Trajectory stitching: Trajectory stitching is due to the nature of dynamic programming where it does not care about which trajectory it comes to reach the current state and the next state is determined by selecting the state with maximum value at the next timestep (also doesn’t care if it is in the same training trajectory). Value function does not capture the information of which trajectory the current state is on and trajectory stitching is formed by the action of taking the maximum of all possible values. But in this case, since this state is visited, we call it data-supported and does not require the value network to generalize to unseen inputs.

State combinatorial generalization: We focus on the situation where the current state is not data-supported. The problem here is more on network generalization: how can a learned model make good predictions given unsupported input. It doesn’t necessarily have to be the value prediction for the state.
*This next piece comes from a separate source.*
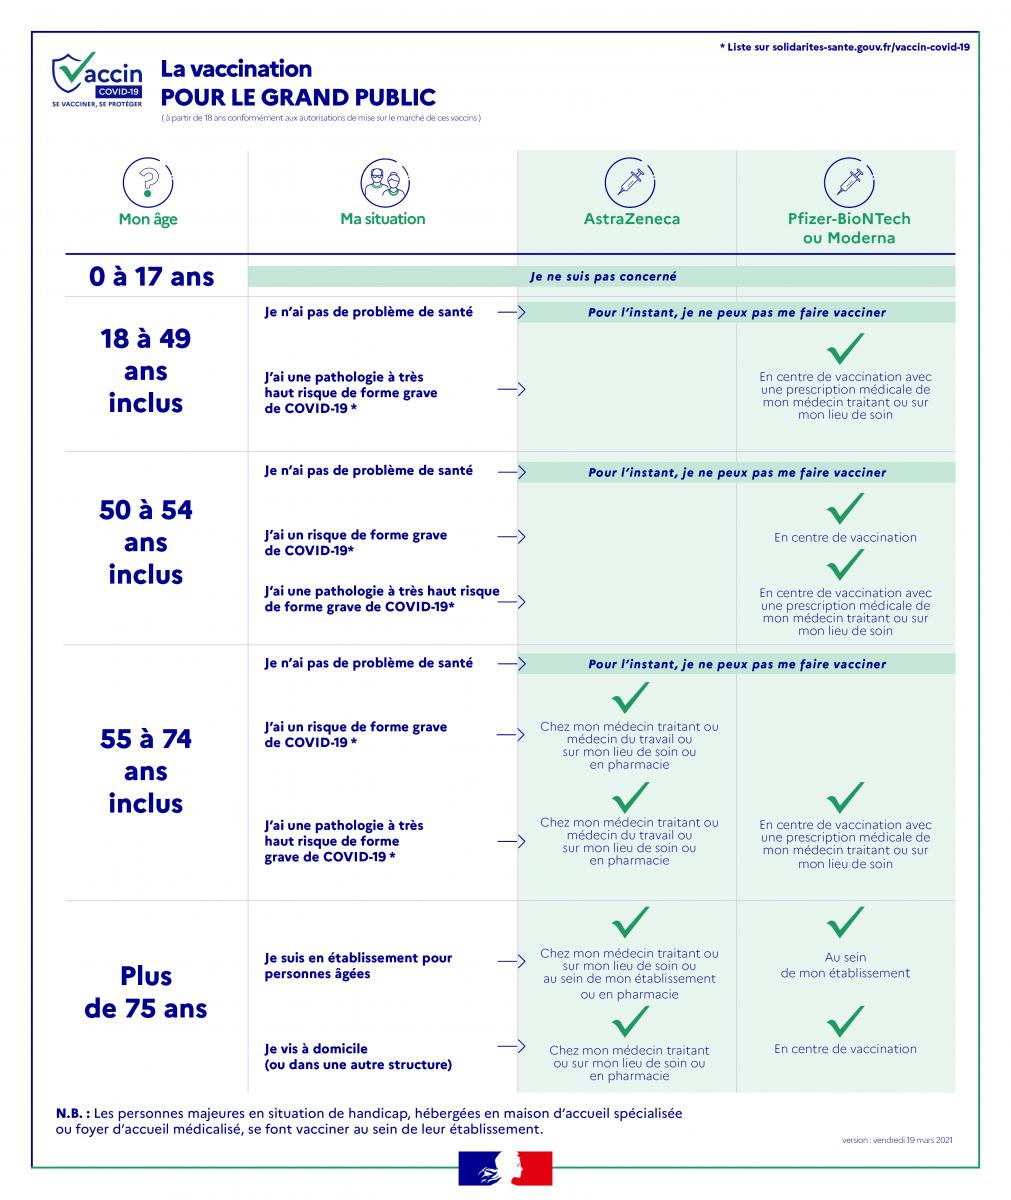 infog_publics_x_vaccins_v19-03-50-54ans.png

In all one can say that state combinatorial generalization is requiring the network (could be value or policy or other networks) to generalize to unseen inputs but trajectory stitching is the outcome of doing dynamic programming. These are two fundamentally different problems.

Applicability

Our applicability argument is how the problem we are tackling: exponentially exploding complexity raised from different combinations of base elements can be found in different decision-making problems (maze, self-driving, and multiagent games) (line 399-341: (Wide applicability) Does the state-space of different existing RL environments exhibit a compositional nature?). We did not claim anything related to having this existing information as wide applicability. Using segmentation to detect base elements is out-of-scope of this decision-making problem we are focusing on.

Manifold hypothesis

We would like to first point out that the manifold hypothesis is not only popular in supervised learning but also in generative modeling [1, 2, 3, 4]. As mentioned in our paper, the diffusion model is trained with BC and used to generate future state-action pairs so there is no reward involved. Does “linear case” mean cases where the linear manifold hypothesis holds (like maze)? Also, future state density is captured by the diffusion model as it learns the distribution of the offline dataset. We showed in Figure 6 that the diffusion model is able to generate reasonable future OOC states given that it is trained on data collected by a behavior policy that never visited this OOC state (and so all the future states it incurs). This is also strong empirical evidence that the manifold hypothesis holds for decision-making tasks.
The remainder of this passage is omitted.